Фото: teatrpushkin.ru/Ю. Богомаз
– По каким критериям вы выбирали актеров для роли доктора Симпсона? В фильме у Захарова его играл Александр Абдулов.– У меня два исполнителя – Антон Феоктистов и Роман Полянский, два востребованных артиста, зарекомендовавших себя в сериалах и на большом экране, но в театре еще не проявлявшие себя на первых ролях. Я думаю, для обоих эта роль будет важным шагом в творческой карьере. Оба относятся к редким амплуа героев в классическом понимании. Сейчас в моде некрасивые артисты, люди необычной внешности. Когда набирают театральные вузы набирают курсы, отдают предпочтение типажам, непохожим на актеров. А Феоктистов и Полянский – высокие, здоровые, красивые молодые люди. Я заинтересован в том, чтобы они выросли в настоящих мастеров.

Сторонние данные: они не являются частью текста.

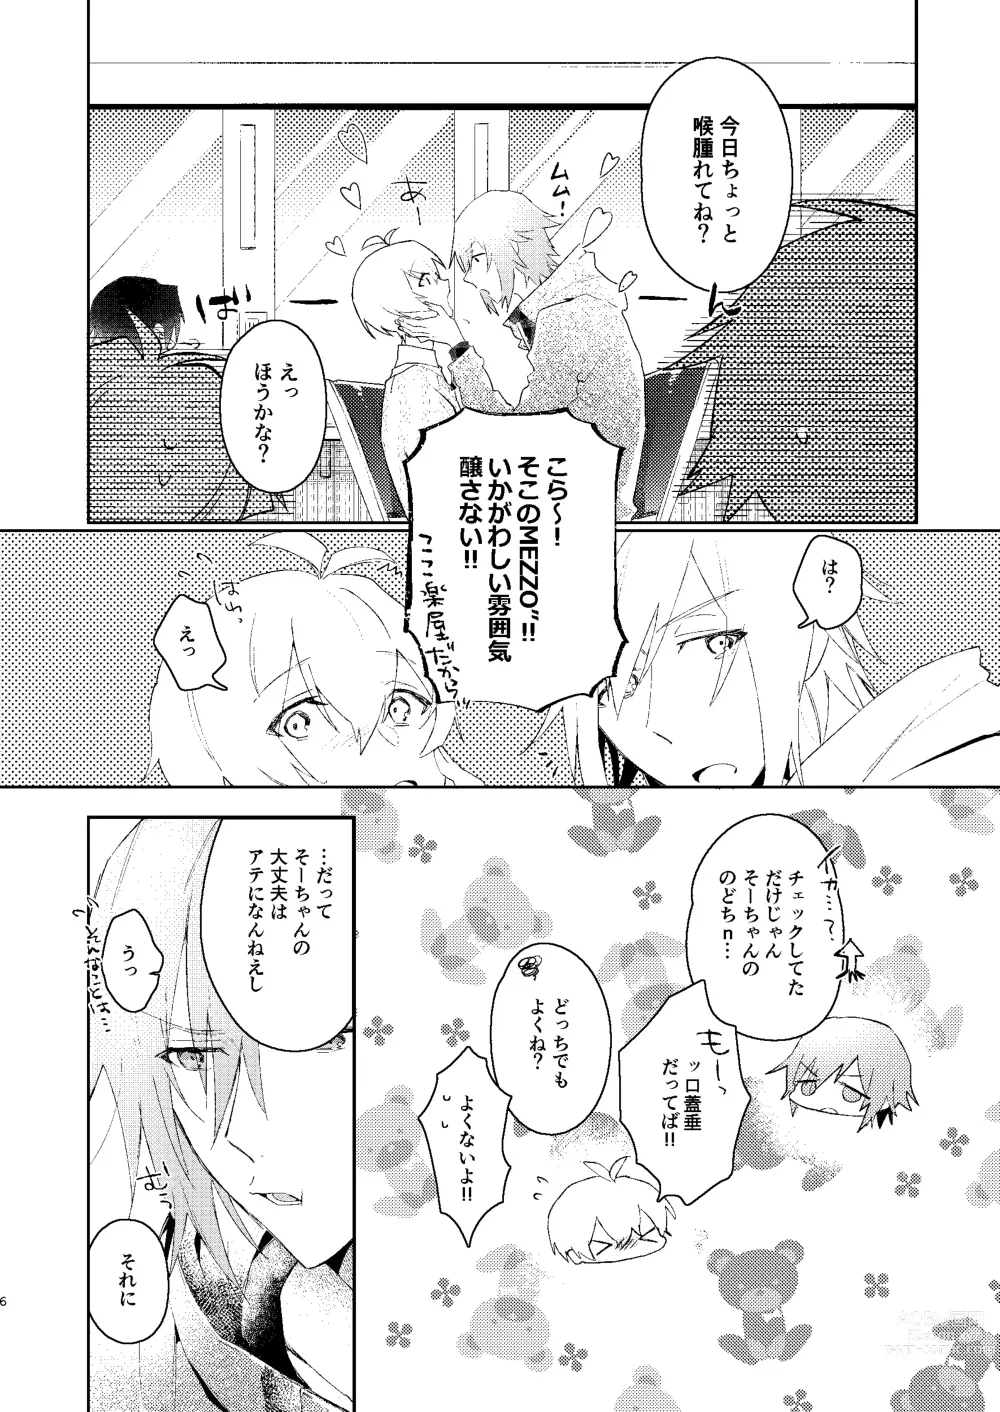 Page 5 of doujinshi Love you in a Dream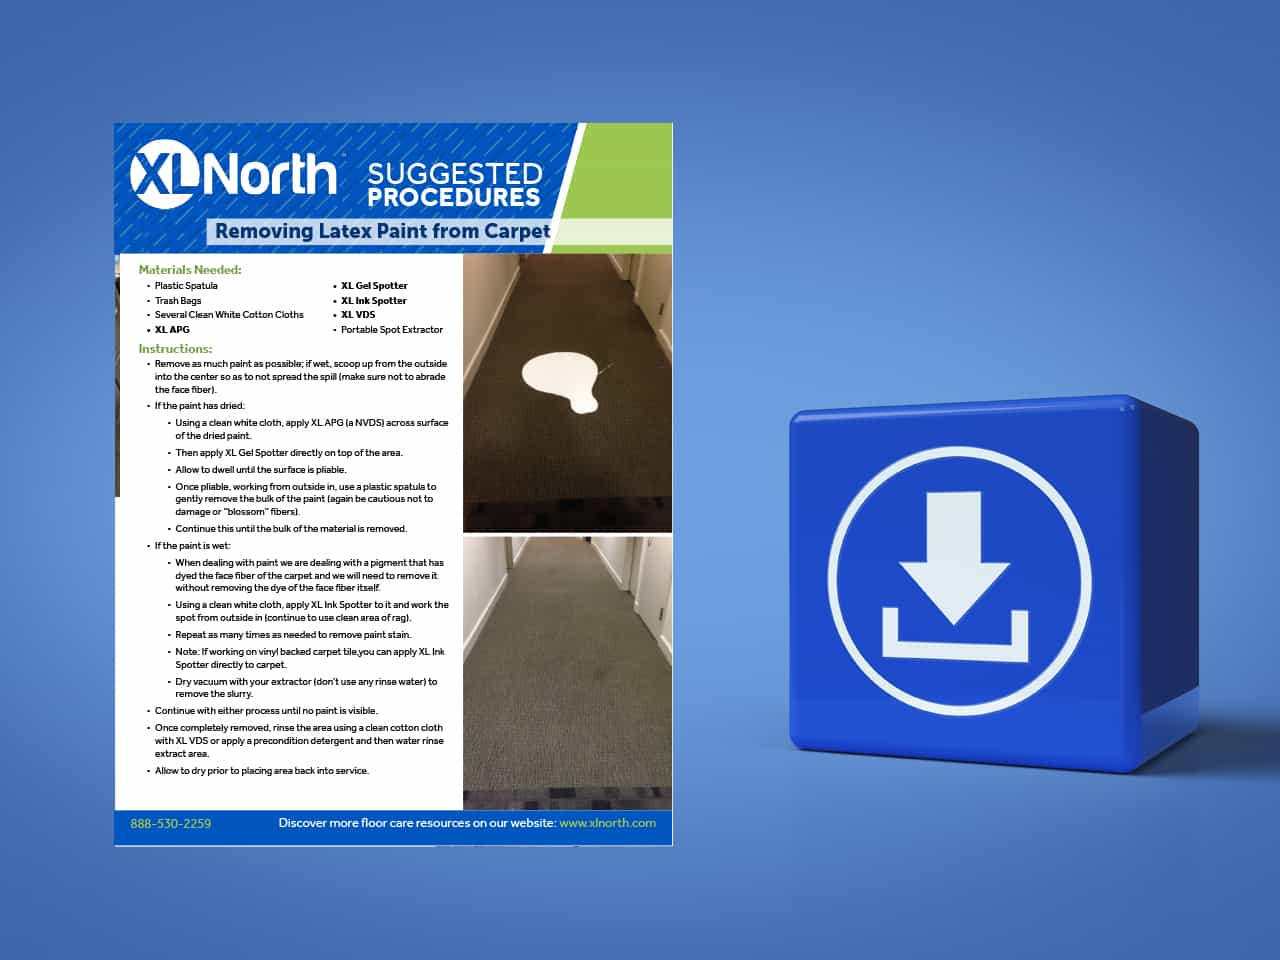 XL North Suggested Procedures: Remove Latex Paint from Carpet

– А все те молодые люди, занятые в "Свифте", смотрели киноверсию Марка Захарова?– Большинство не видело фильм. Знаете, в последнее время я предпочитаю не портить себе этим настроение. Нынешние артисты замечательные. В профессиональном плане они гораздо более подкованные: раньше у нас было два-три артиста, которые умели петь, танцевать, и мы ими гордились. Теперь почти все обладают этим набором навыков. В плане актерского мастерства они тоже очень способны. Им не хватает только одного – кругозора. Они ничего не читали и не смотрели. Люди моего поколения пришли в профессию, не воодушевившись "Фабрикой звезд", а потому что любили фильмы, ходили в театр, чтобы посмотреть на великих артистов, режиссеров. Молодежь чрезвычайно талантливая, но совершенно необразованная. Они не знают многие основные фамилии. Поэтому когда я читал труппе "Дом, который построил Свифт", многие совершенно искренне удивлялись в голос. Меня это не приводило в восторг. С другой стороны, меня чуть успокоил этот факт – значит, публика тоже не будет так ревностно сравнивать фильм Захарова и спектакль Театра Пушкина. Нам почему-то кажется, что современное поколение людей до 30 лет росло в той же культурной среде, что и мы. Ничего подобного. Они с большим интересом открывают для себя пьесы "Безымянная звезда", "Дом, который построил Свифт". Скажу больше – на "Женитьбе Фигаро", которая вот уже два года идет с неизменным аншлагами, публика эмоционально реагирует, когда Марселина узнает, что Фигаро – ее сын. Но раз уж я высказался за уважение зрителя, значит должен соответствовать этой установке. Я не против того, чтобы случайный зритель пришел за билетом и узнал что-то новое для себя.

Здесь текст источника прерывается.